▸ **WHAT NEEDS TO BE DONE**
Repeat every entry exactly as it stands. Omit the images.
---- DATASET EXTRACT
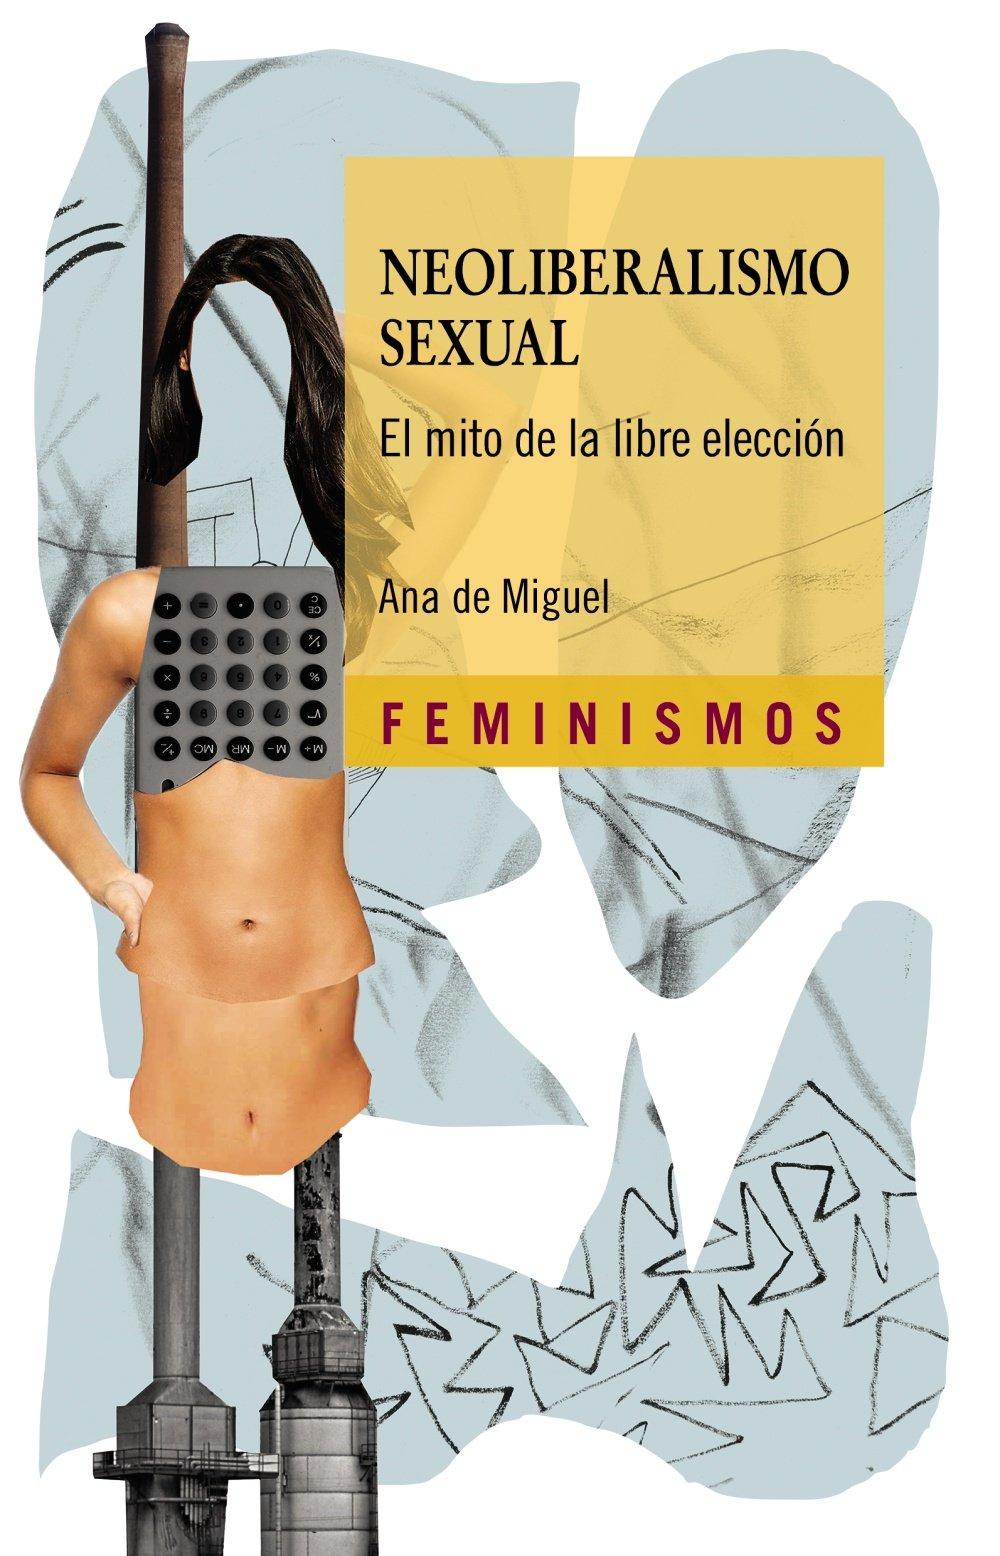 Neoliberalismo sexual. El mito de la libre elección, de Ana de Miguel
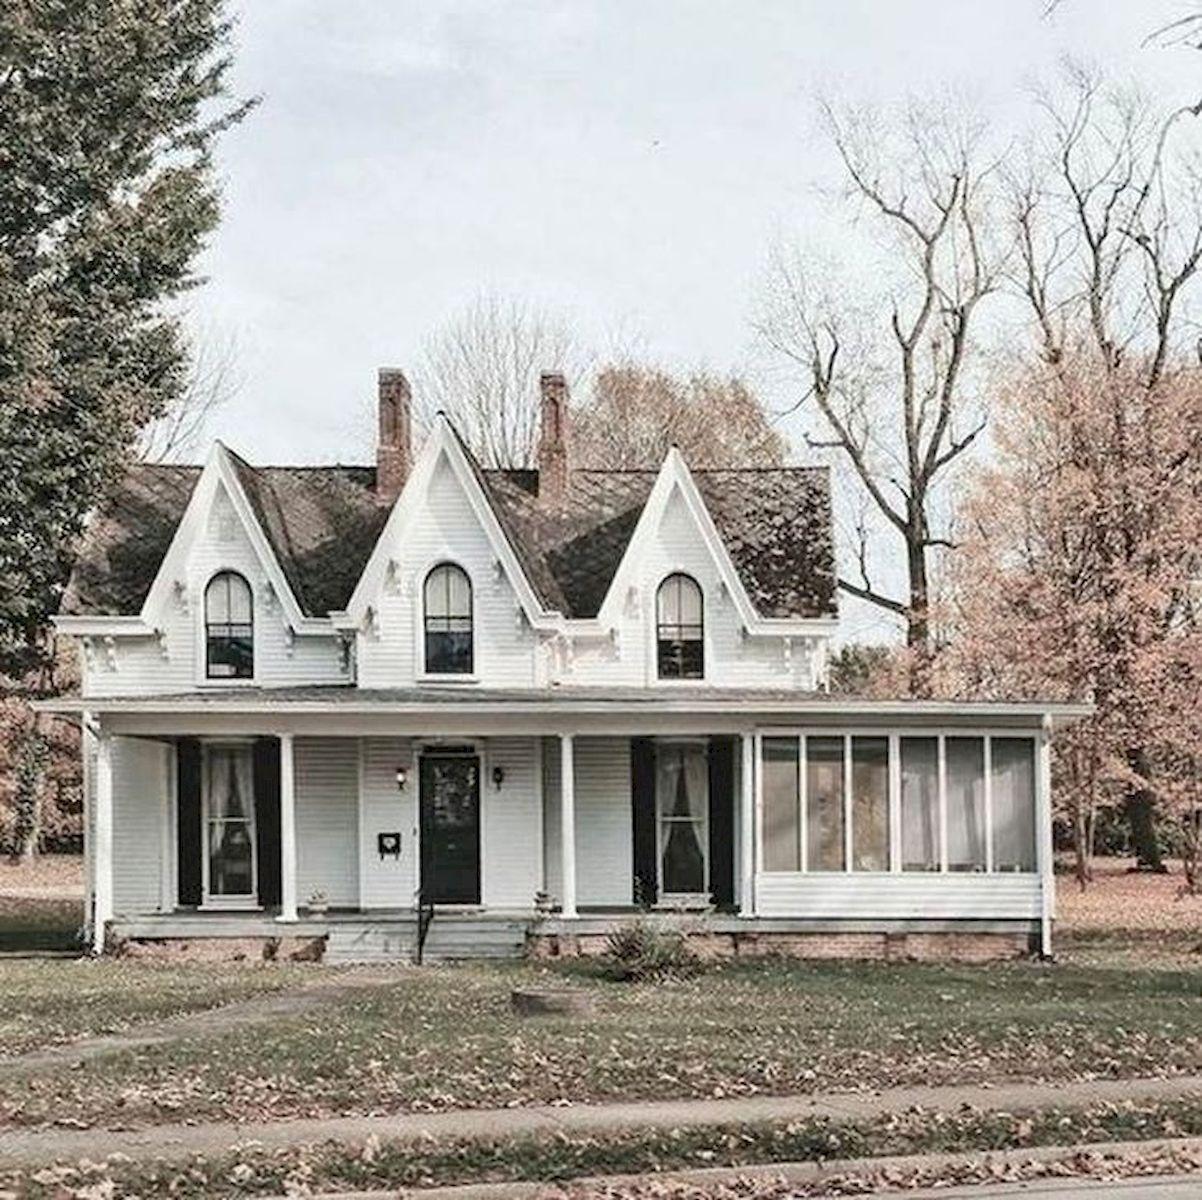 46 Awesome Farmhouse Home Exterior Design Ideas (25)
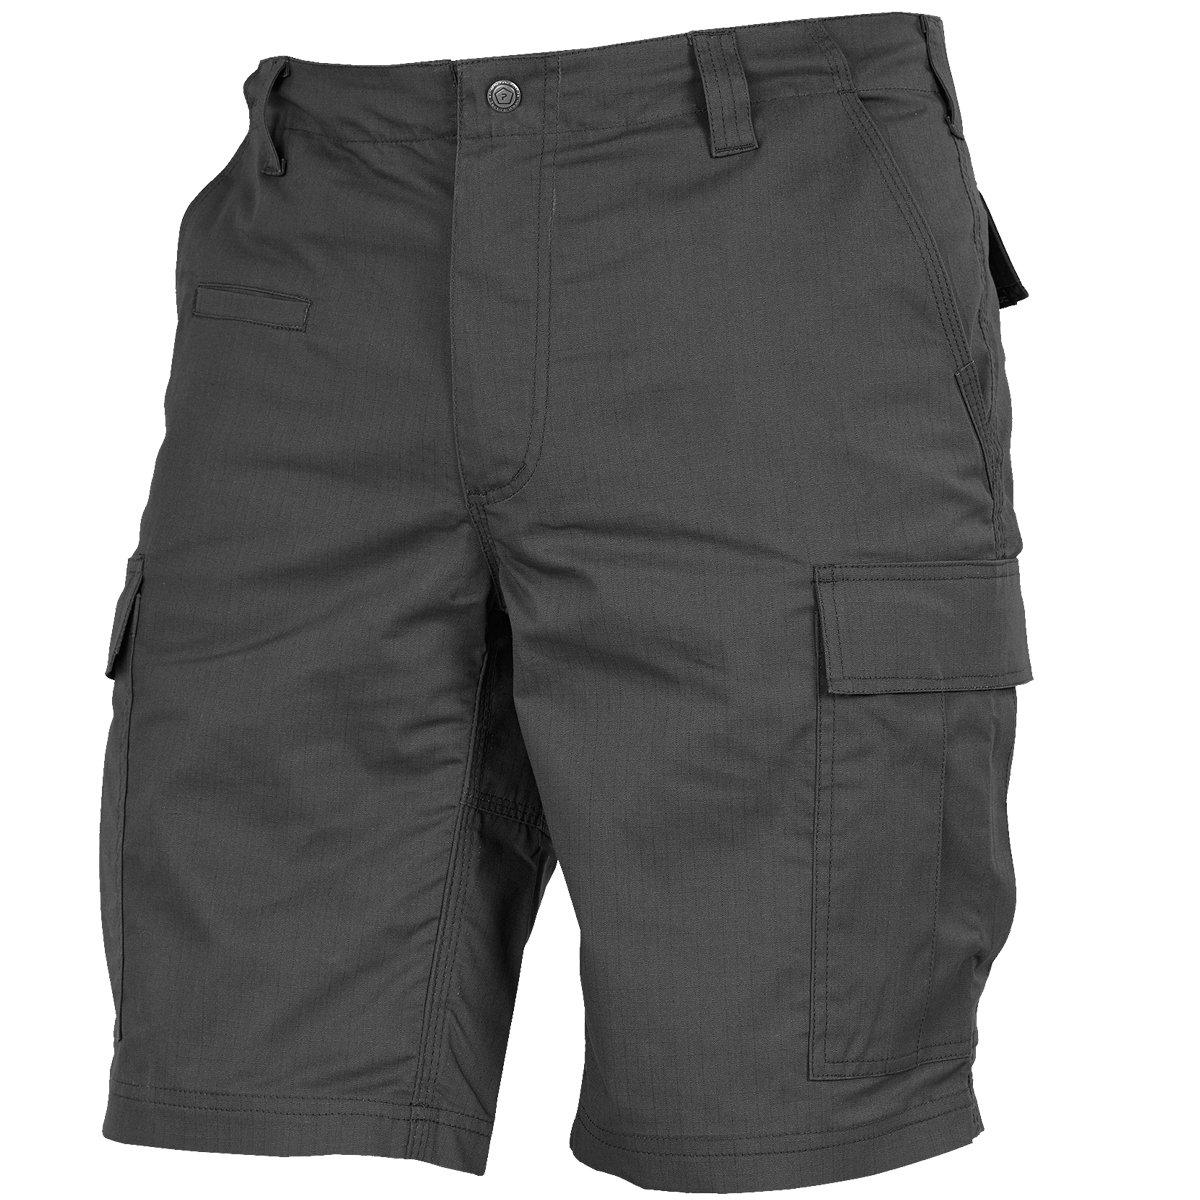 Pentagon Hombres BDU 2.0 Pantalones Cortos Cinder Gris: Amazon.es ...
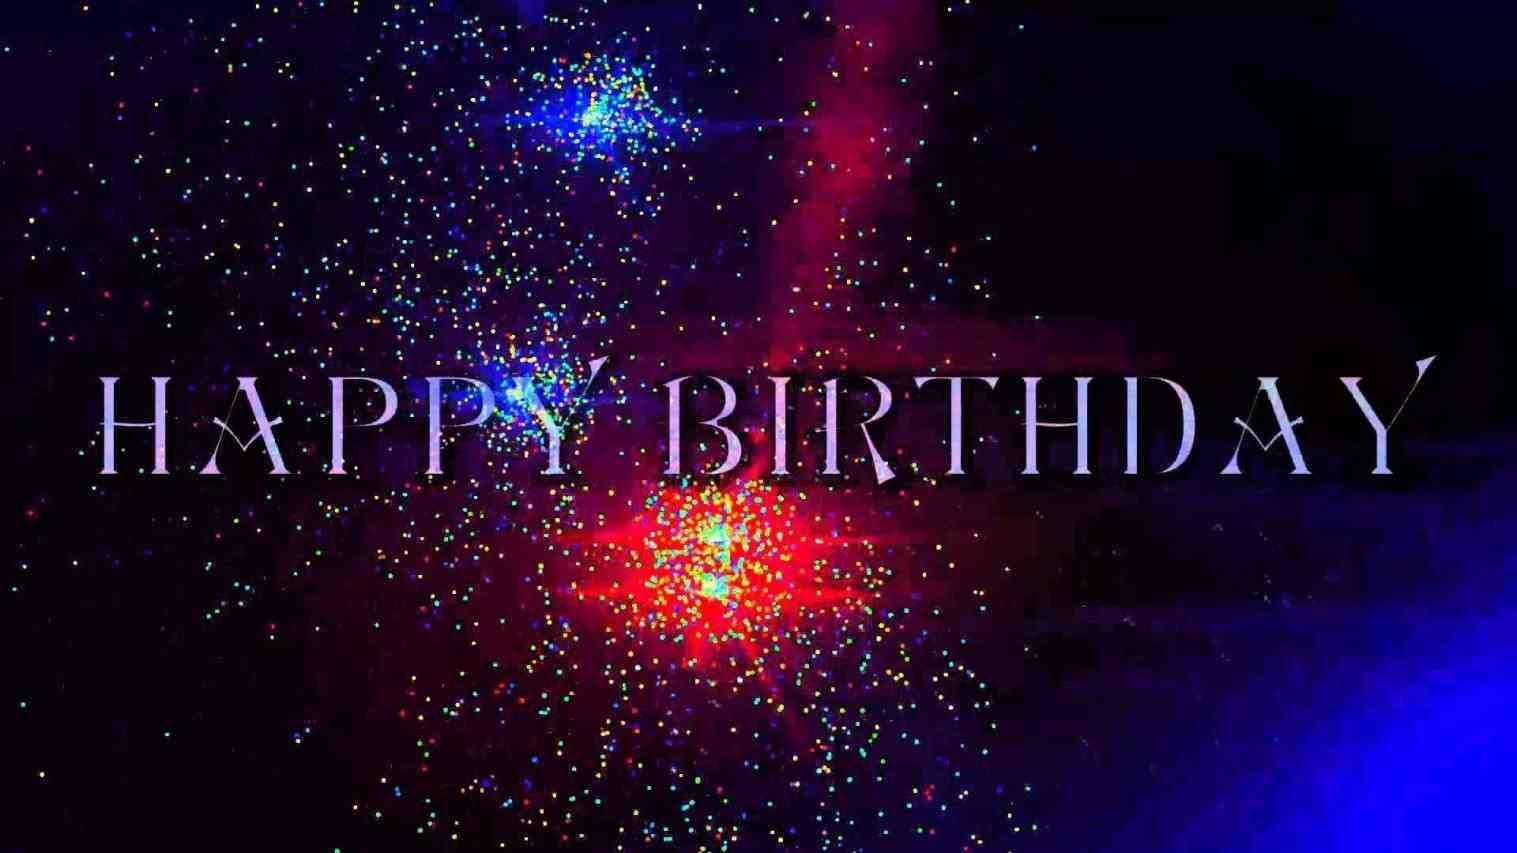 birthday wishes malayalam, whatsapp malayalam, malayalam sms
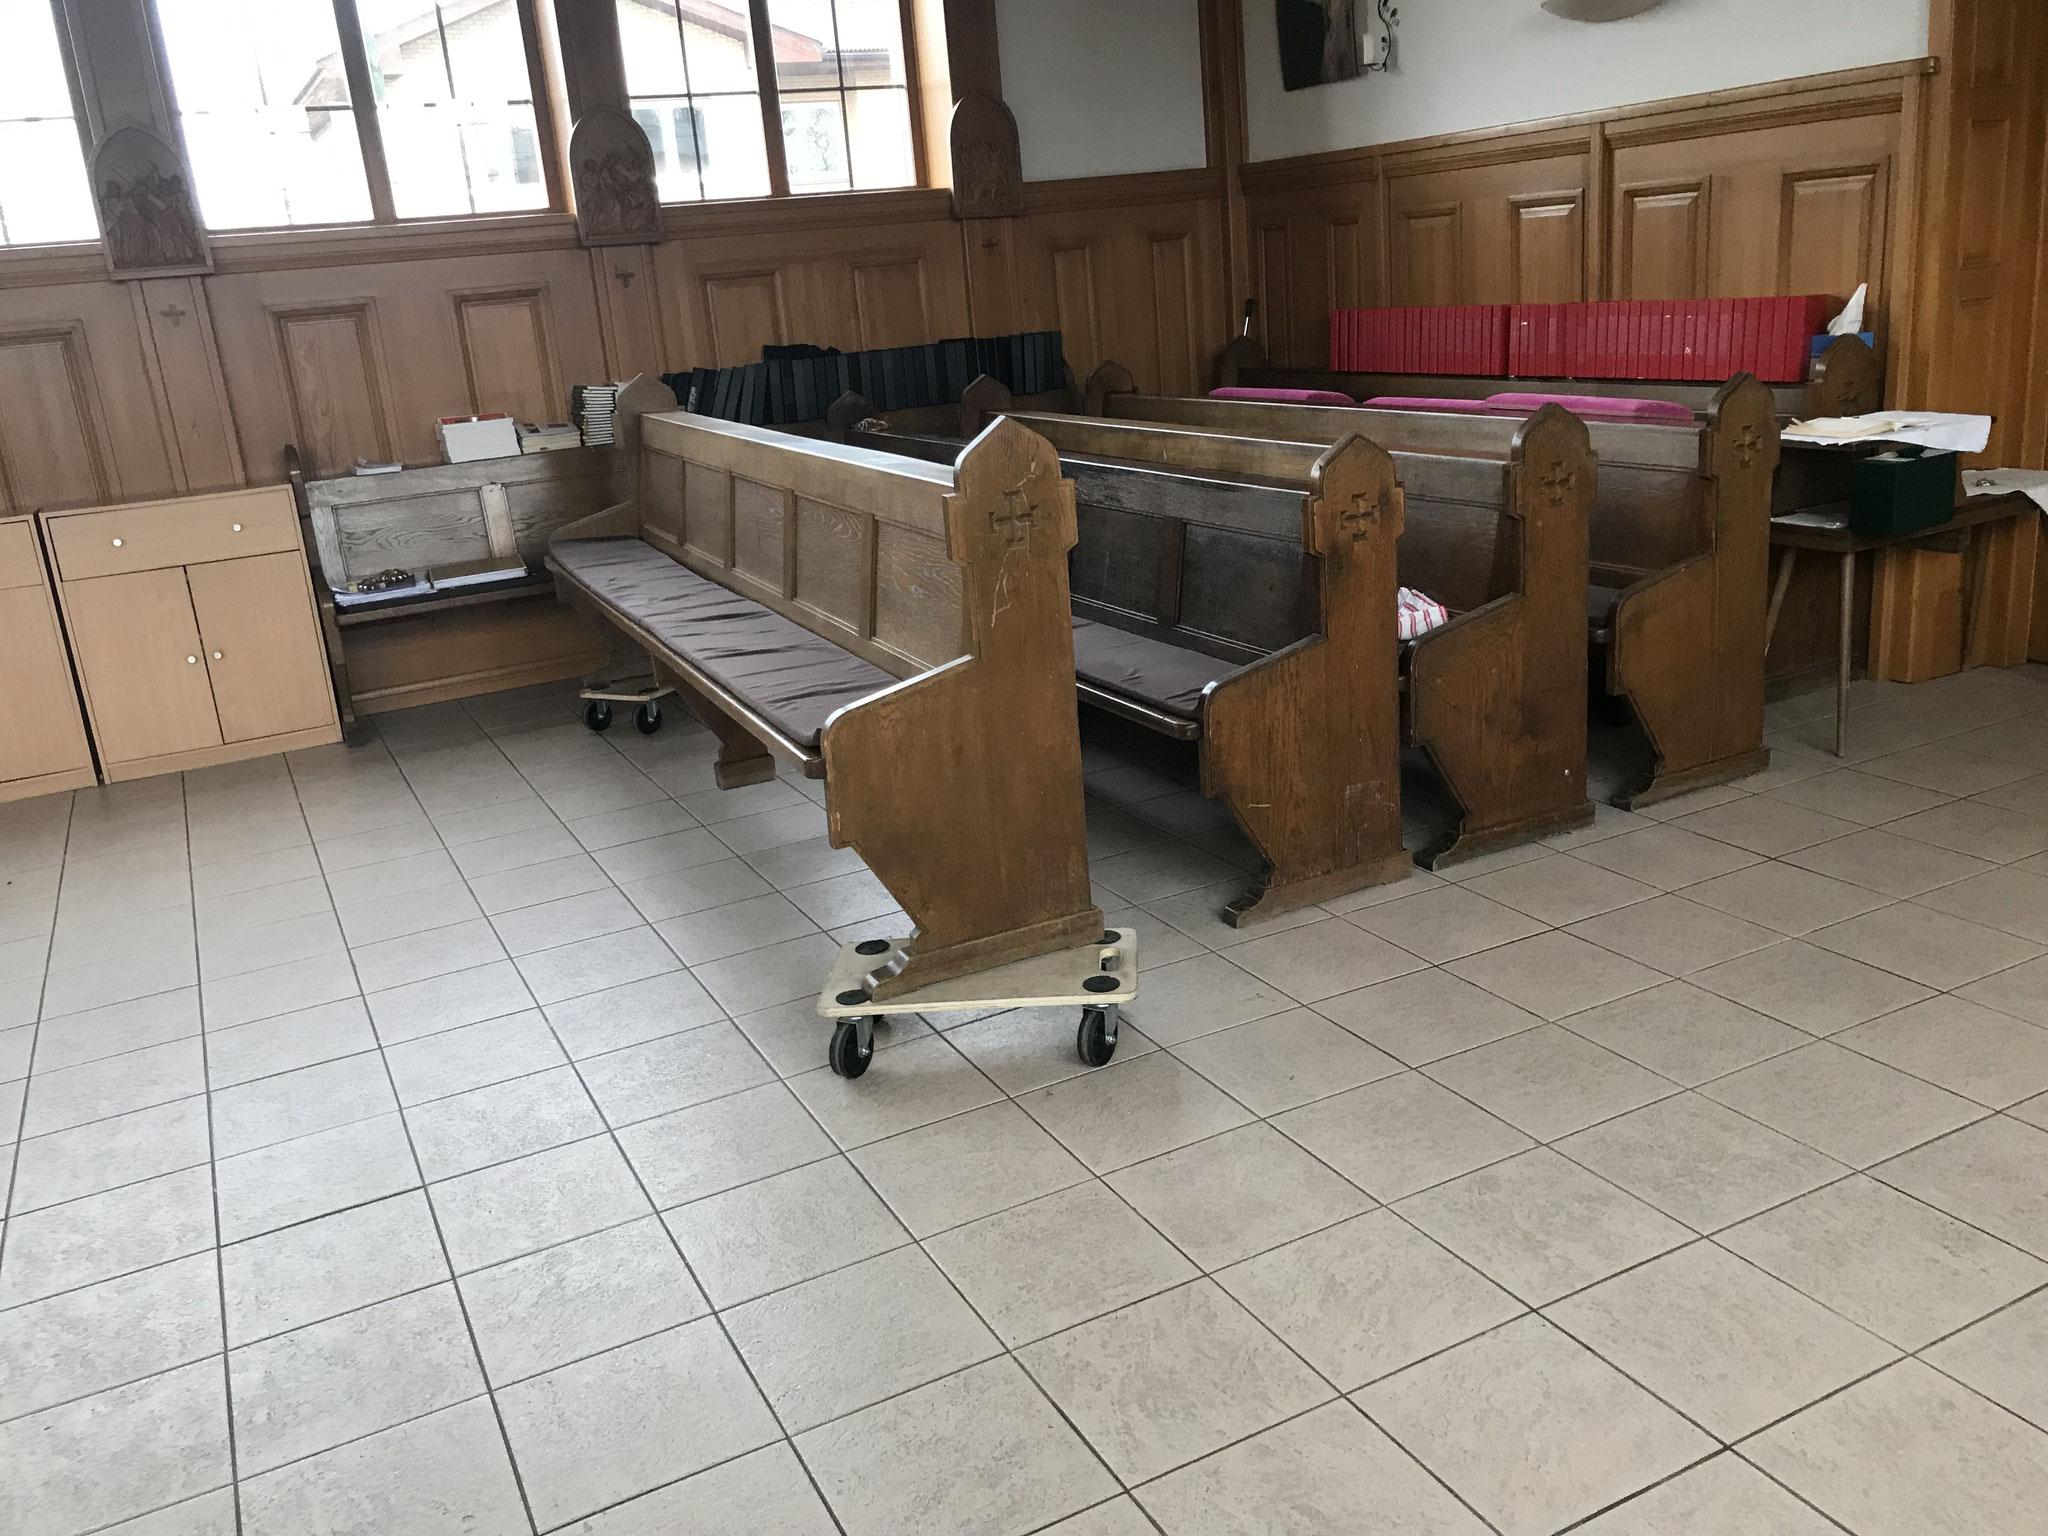 Bänke schieben in der Kapelle
--------
▸ **WRITTEN SOLUTION**
 Neoliberalismo sexual. El mito de la libre elección, de Ana de Miguel
 46 Awesome Farmhouse Home Exterior Design Ideas (25)
 Pentagon Hombres BDU 2.0 Pantalones Cortos Cinder Gris: Amazon.es ...
 birthday wishes malayalam, whatsapp malayalam, malayalam sms
 Bänke schieben in der Kapelle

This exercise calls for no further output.